*PROBLEM*. Use the entries below and reproduce exactly the lines from the one containing "Eddie Gifford, il" down to the one containing "square-tip leather belt - 1", both of them included.

*DATASET EXTRACT*.
*** Block opens ***
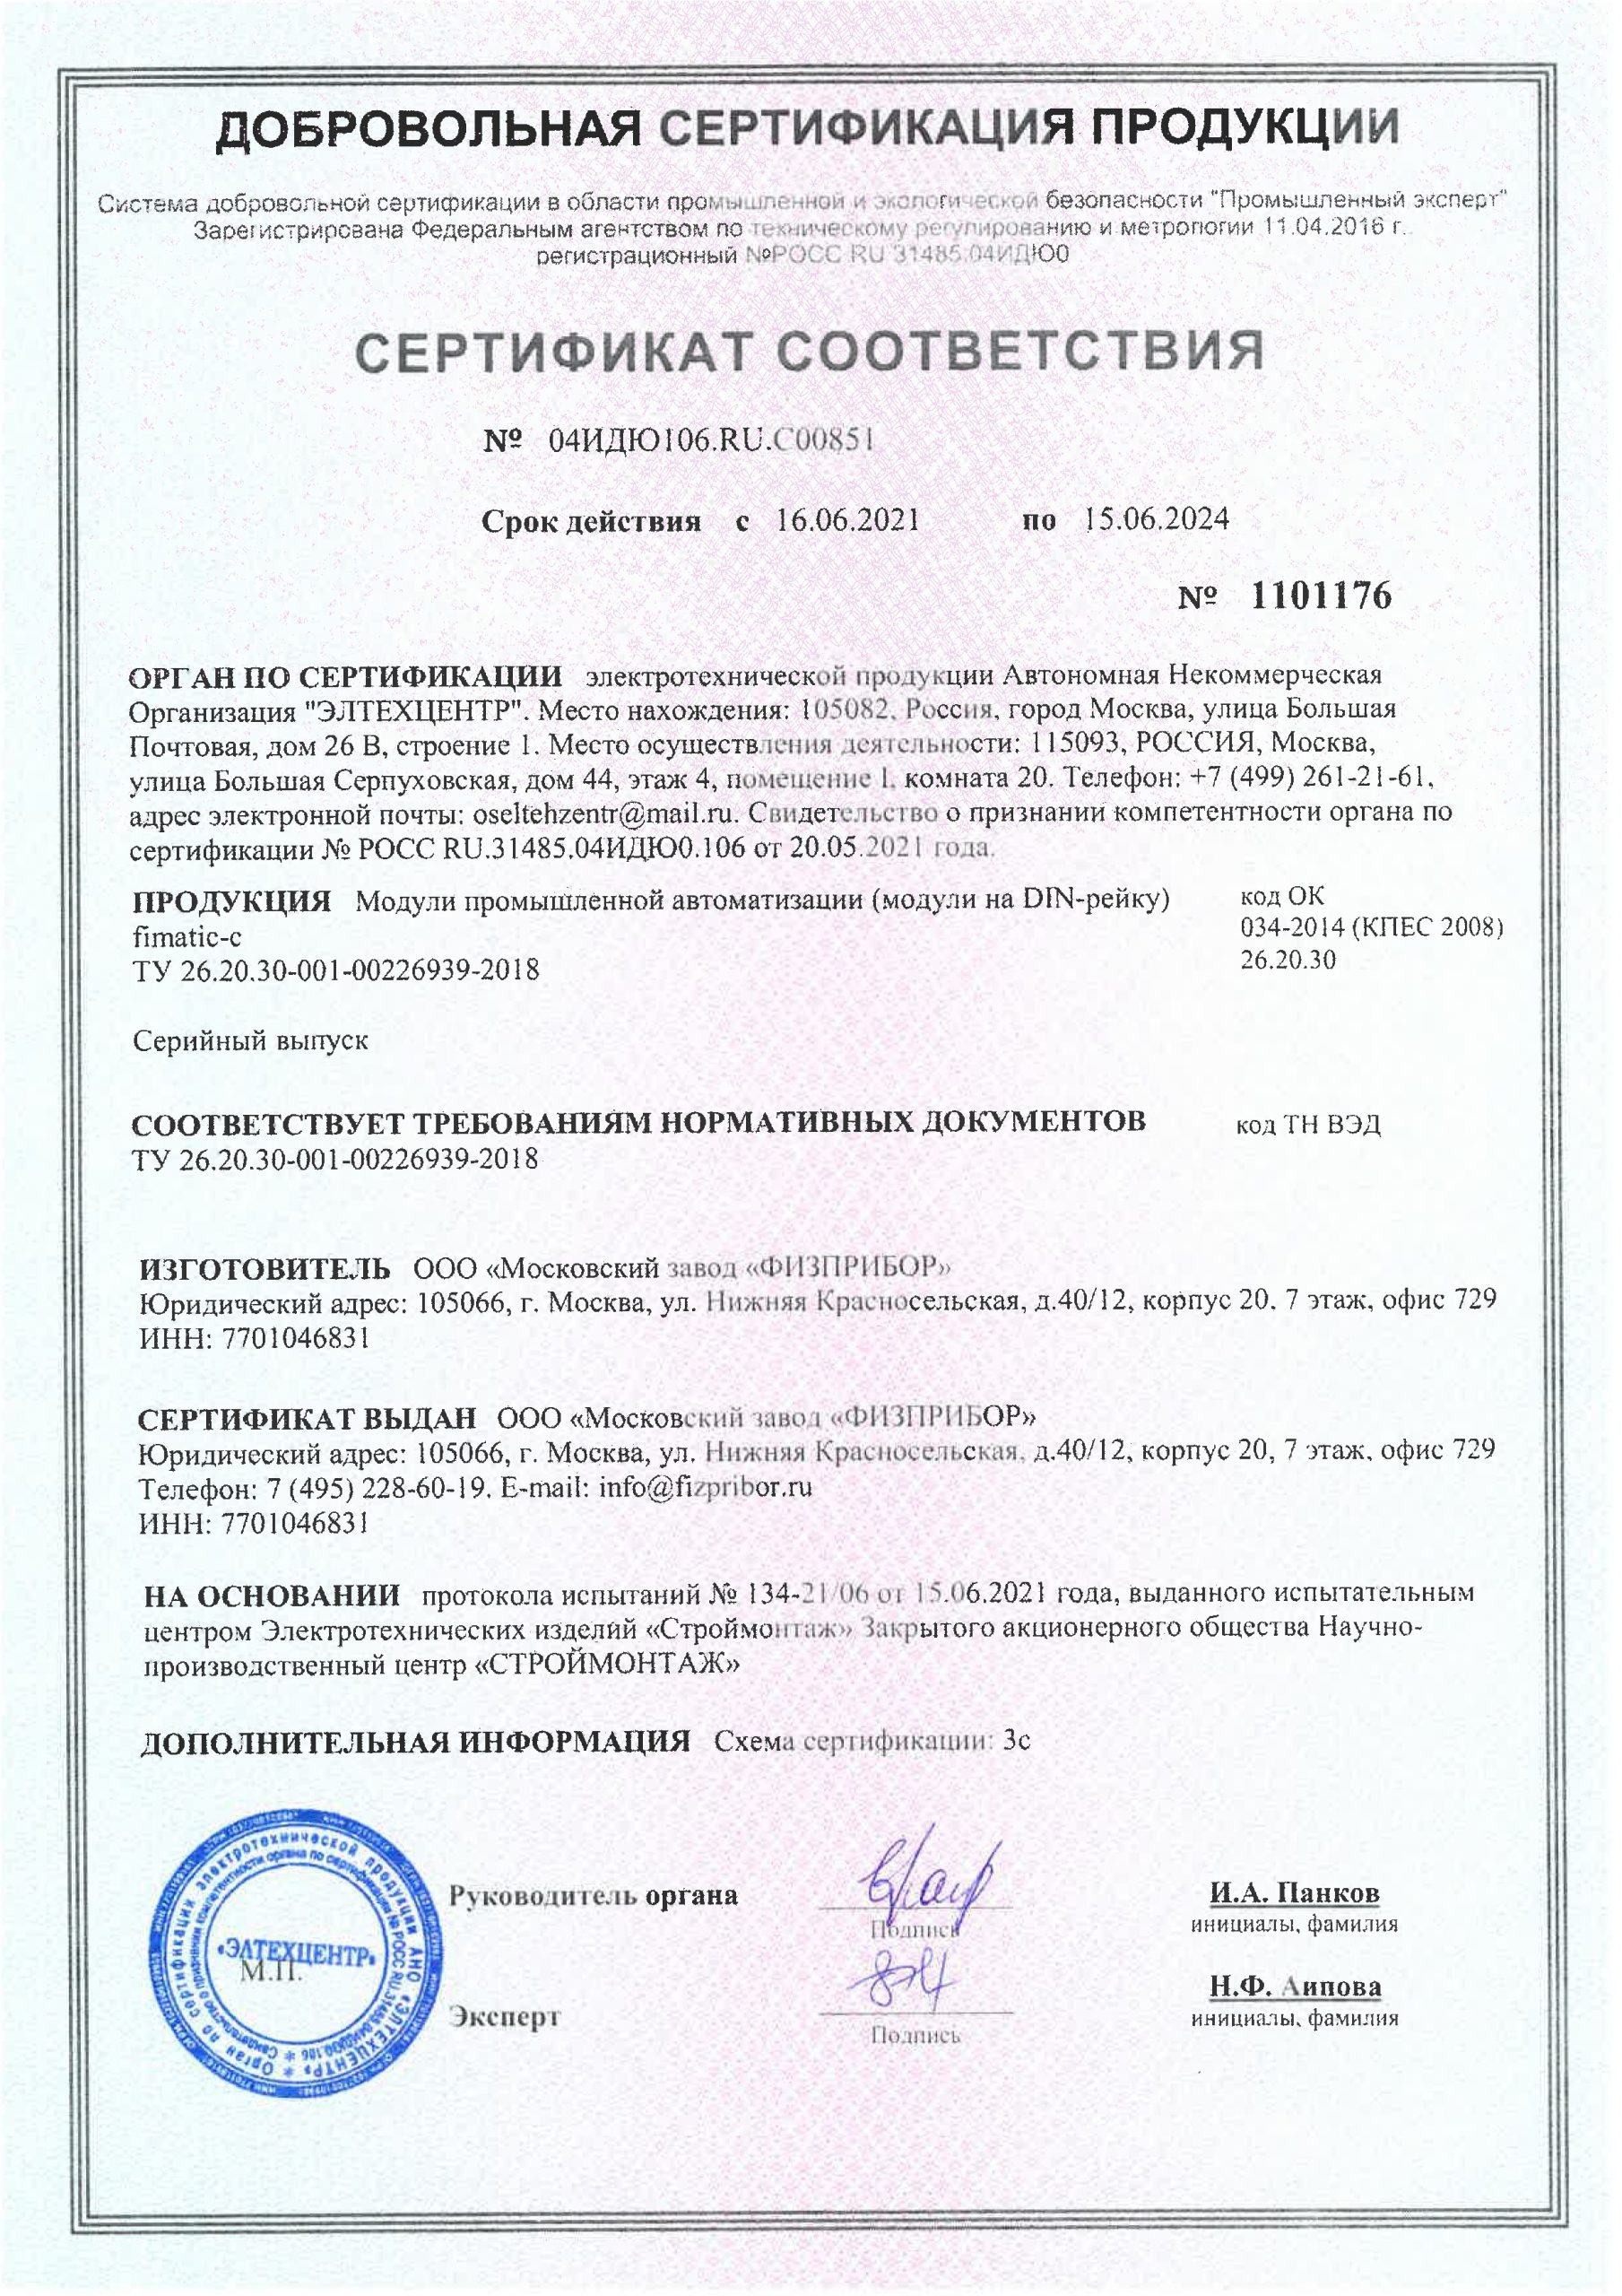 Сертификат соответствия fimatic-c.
*** Block closes ***
*** Block opens ***
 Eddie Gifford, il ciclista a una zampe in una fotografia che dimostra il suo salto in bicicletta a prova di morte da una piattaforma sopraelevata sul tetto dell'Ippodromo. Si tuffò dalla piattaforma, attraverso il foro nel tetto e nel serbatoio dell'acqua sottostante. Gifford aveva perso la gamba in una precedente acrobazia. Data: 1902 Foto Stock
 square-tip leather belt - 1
*** Block closes ***
*OUTPUT FOR THIS EXERCISE*.
 Eddie Gifford, il ciclista a una zampe in una fotografia che dimostra il suo salto in bicicletta a prova di morte da una piattaforma sopraelevata sul tetto dell'Ippodromo. Si tuffò dalla piattaforma, attraverso il foro nel tetto e nel serbatoio dell'acqua sottostante. Gifford aveva perso la gamba in una precedente acrobazia. Data: 1902 Foto Stock
 square-tip leather belt - 1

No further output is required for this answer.